Tot slot betwist [verweerster] dat de werkzaamheden van [verzoekster] zijn overgenomen door een nieuwe medewerker; deze medewerker doet werkzaamheden van geheel andere aard en tegen een lagere beloning.

3.4.

Op de stellingen van partijen wordt hierna verder ingegaan.

4. De beoordeling

4.1.

Op grond van artikel 7:669 lid 1 BW kan de werkgever de arbeidsovereenkomst opzeggen als daar een redelijke grond voor is en herplaatsing van de werknemer binnen een redelijke termijn, al dan niet met behulp van scholing, in een andere passende functie niet mogelijk is of niet in de rede ligt.

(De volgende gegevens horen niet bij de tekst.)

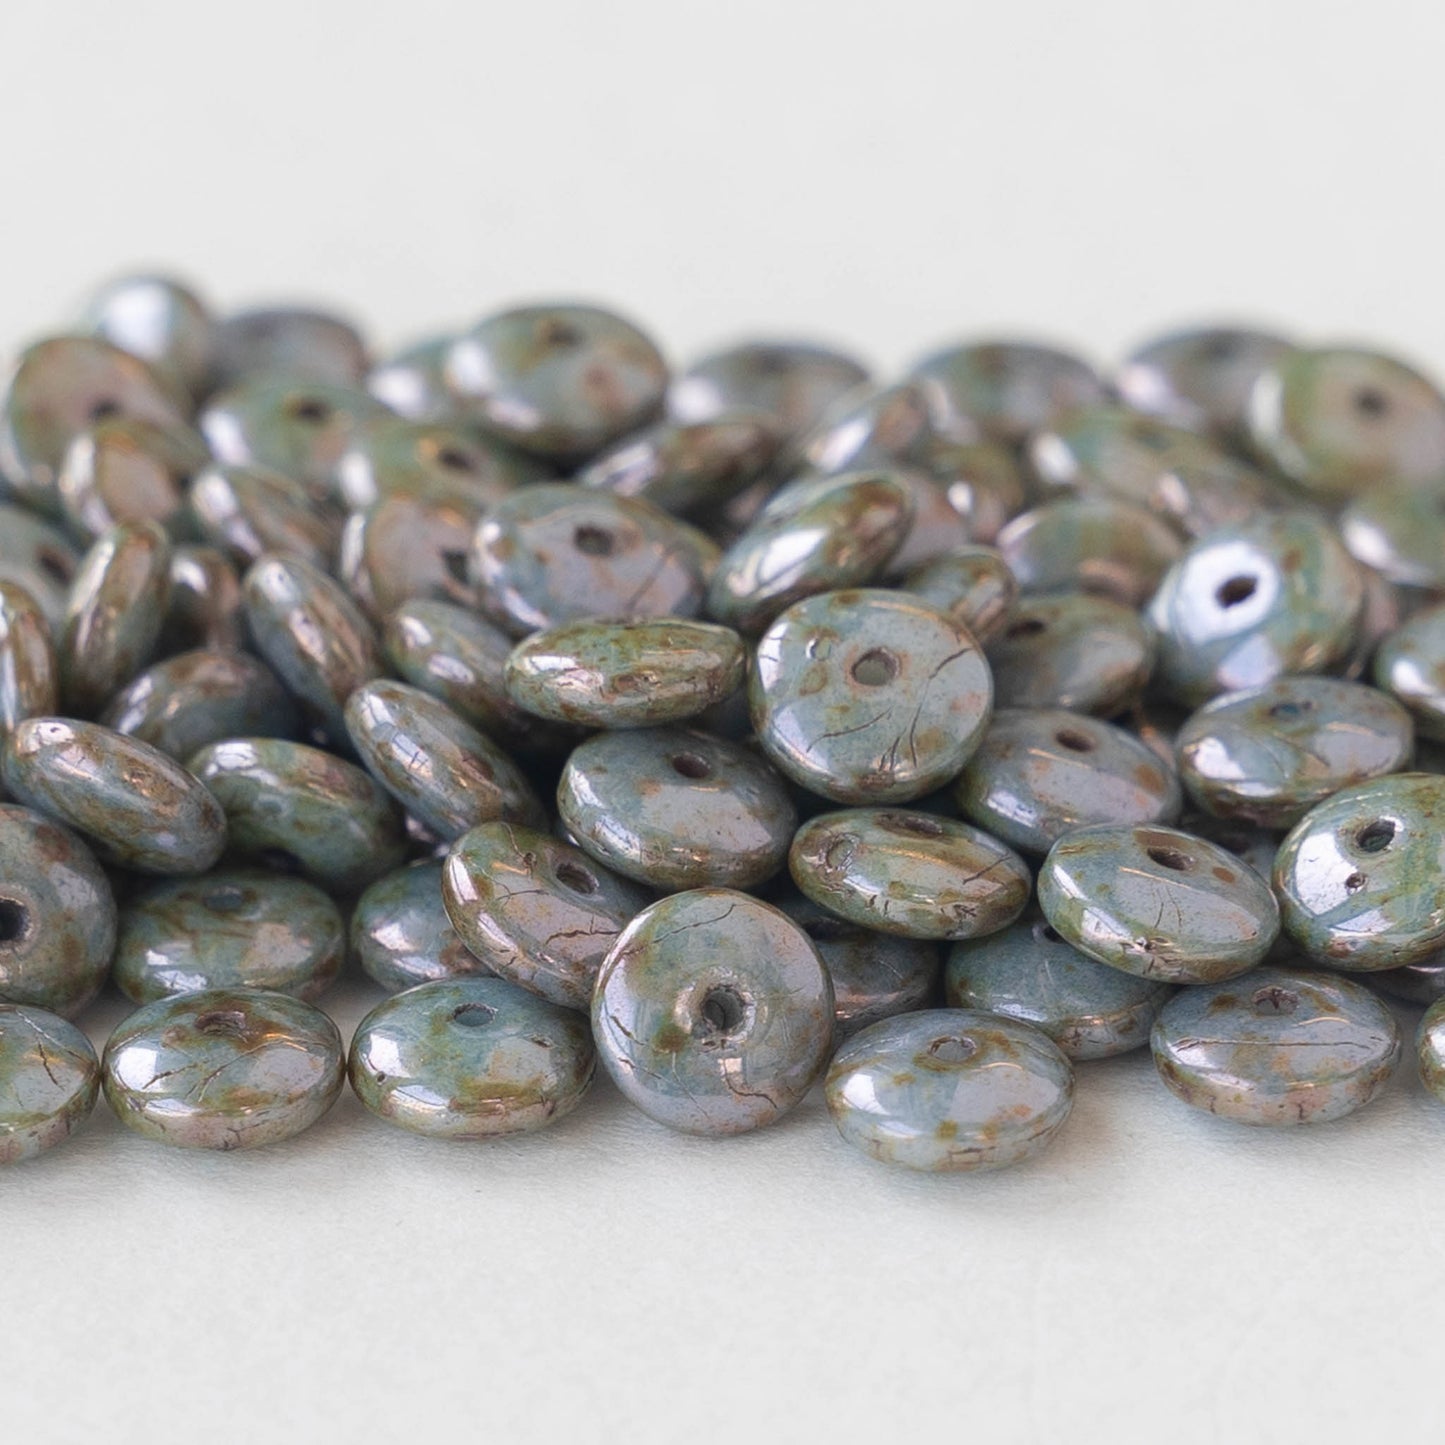 6mm Glass Rondelle Beads - Light Blue Picasso - 120 Beads
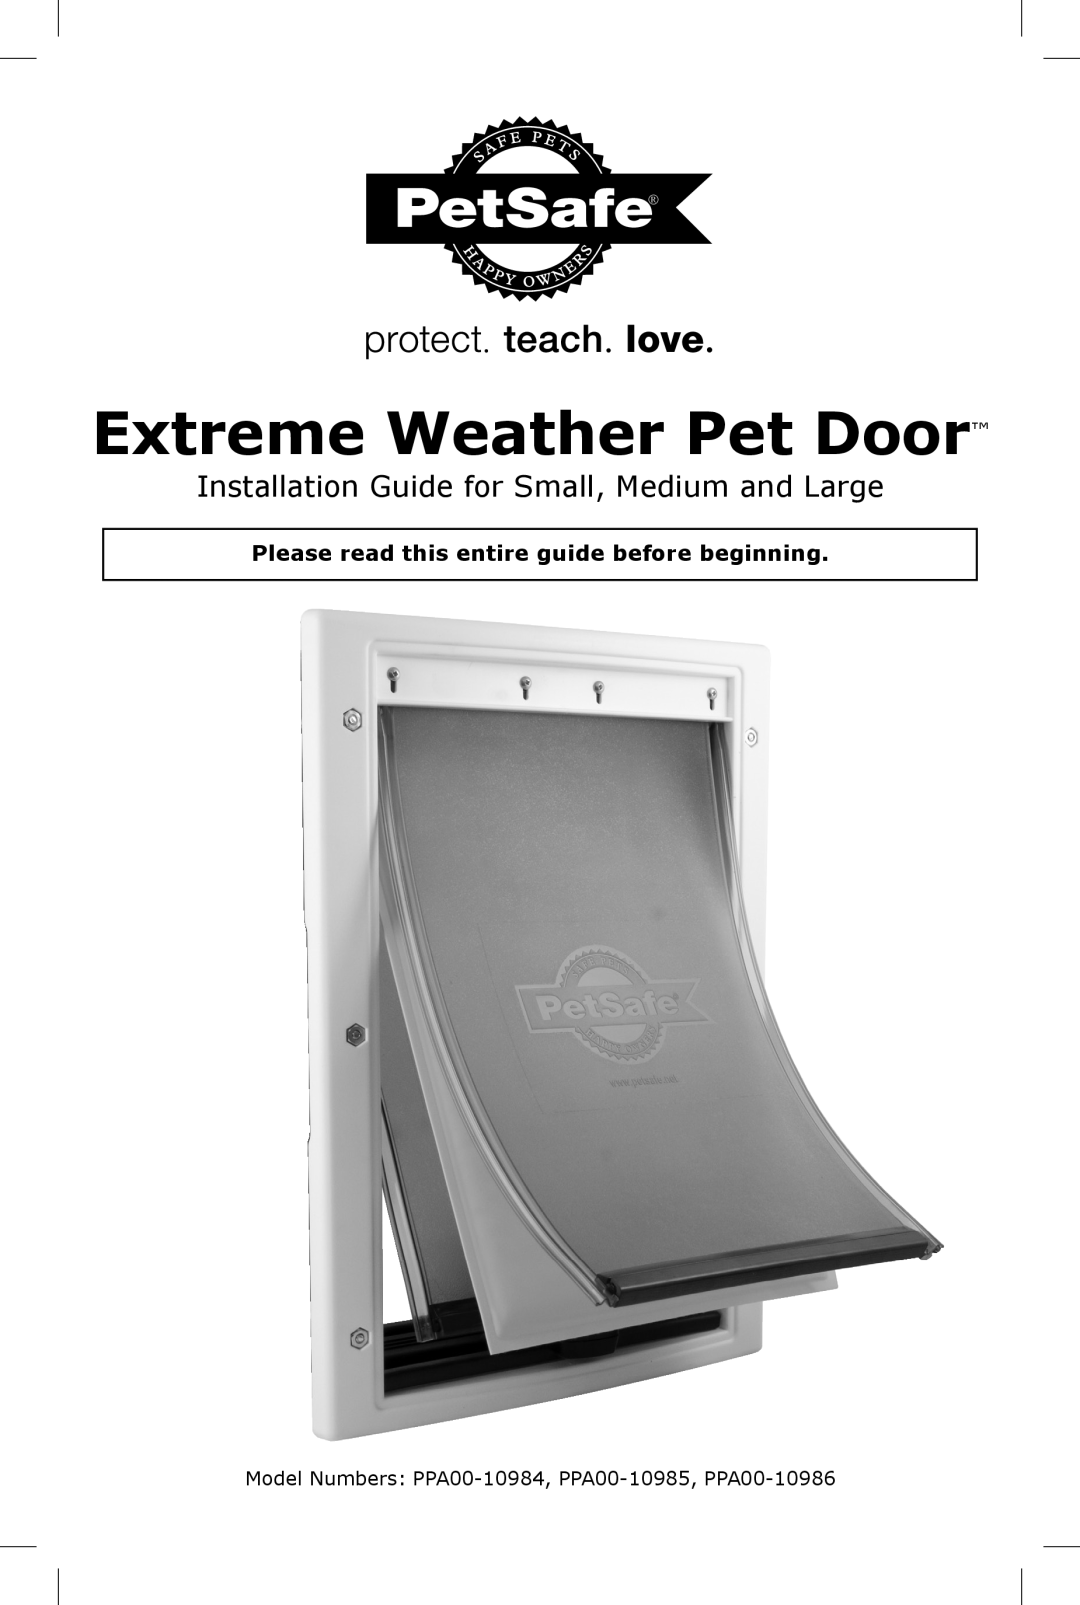 Petsafe PPA00-10984 manual Please read this entire guide before beginning, Extreme Weather Pet Door

In lid 3 sub a van dit artikel wordt onder meer als redelijke grond voor opzegging aangemerkt het, over een toekomstige periode van ten minste 26 weken bezien, noodzakelijkerwijs vervallen van arbeidsplaatsen als gevolg van maatregelen die wegens bedrijfseconomische omstandigheden worden getroffen voor een doelmatige bedrijfsvoering.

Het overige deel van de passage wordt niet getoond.